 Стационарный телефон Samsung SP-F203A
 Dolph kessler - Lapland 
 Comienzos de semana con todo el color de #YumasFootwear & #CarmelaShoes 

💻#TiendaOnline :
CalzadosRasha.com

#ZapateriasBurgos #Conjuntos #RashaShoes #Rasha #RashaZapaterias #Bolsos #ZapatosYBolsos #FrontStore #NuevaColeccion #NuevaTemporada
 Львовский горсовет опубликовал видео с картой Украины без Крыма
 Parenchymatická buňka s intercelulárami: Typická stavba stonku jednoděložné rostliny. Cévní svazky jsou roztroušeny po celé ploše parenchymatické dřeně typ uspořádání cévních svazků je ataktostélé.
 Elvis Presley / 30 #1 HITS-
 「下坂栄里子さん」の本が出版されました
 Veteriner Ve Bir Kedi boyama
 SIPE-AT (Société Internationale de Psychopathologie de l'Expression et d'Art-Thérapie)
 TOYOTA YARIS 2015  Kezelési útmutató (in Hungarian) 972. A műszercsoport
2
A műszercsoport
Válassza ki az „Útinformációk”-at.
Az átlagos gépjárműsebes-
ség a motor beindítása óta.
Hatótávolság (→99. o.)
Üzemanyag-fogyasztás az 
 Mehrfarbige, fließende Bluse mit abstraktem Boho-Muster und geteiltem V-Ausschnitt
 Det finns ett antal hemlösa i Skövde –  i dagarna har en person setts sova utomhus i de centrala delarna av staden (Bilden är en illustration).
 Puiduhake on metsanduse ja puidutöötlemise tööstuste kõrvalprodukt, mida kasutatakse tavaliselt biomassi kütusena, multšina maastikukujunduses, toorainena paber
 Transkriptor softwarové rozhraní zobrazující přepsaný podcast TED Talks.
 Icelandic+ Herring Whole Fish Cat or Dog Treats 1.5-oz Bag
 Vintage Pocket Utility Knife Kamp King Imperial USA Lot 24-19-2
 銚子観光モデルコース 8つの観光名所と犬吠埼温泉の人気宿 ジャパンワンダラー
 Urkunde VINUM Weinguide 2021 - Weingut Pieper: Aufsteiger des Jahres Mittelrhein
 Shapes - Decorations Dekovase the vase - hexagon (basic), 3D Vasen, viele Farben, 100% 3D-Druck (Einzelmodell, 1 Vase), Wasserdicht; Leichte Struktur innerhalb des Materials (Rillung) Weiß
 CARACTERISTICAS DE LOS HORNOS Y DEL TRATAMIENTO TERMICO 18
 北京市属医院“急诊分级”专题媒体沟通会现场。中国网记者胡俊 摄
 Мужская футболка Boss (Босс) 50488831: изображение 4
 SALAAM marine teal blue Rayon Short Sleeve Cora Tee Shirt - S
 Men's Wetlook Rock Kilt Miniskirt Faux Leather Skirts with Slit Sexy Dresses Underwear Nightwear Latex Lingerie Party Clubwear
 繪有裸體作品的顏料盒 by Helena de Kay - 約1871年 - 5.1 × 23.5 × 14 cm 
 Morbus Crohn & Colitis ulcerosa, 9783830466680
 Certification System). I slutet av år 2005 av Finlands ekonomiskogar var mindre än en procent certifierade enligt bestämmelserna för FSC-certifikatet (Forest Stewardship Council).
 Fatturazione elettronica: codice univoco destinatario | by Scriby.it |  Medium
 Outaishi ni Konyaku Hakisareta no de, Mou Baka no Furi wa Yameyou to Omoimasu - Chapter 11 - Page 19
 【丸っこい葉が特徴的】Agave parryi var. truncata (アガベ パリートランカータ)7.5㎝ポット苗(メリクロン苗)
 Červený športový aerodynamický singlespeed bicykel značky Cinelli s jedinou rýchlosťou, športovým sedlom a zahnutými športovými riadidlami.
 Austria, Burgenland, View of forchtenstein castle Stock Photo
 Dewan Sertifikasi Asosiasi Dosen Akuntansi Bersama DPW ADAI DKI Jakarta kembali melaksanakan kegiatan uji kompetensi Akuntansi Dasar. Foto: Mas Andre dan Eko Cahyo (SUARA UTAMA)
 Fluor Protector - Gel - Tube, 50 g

## Work task
When a line in the material above contains the word "műszercsoport", copy that line out.

## Task solution
 TOYOTA YARIS 2015  Kezelési útmutató (in Hungarian) 972. A műszercsoport
A műszercsoport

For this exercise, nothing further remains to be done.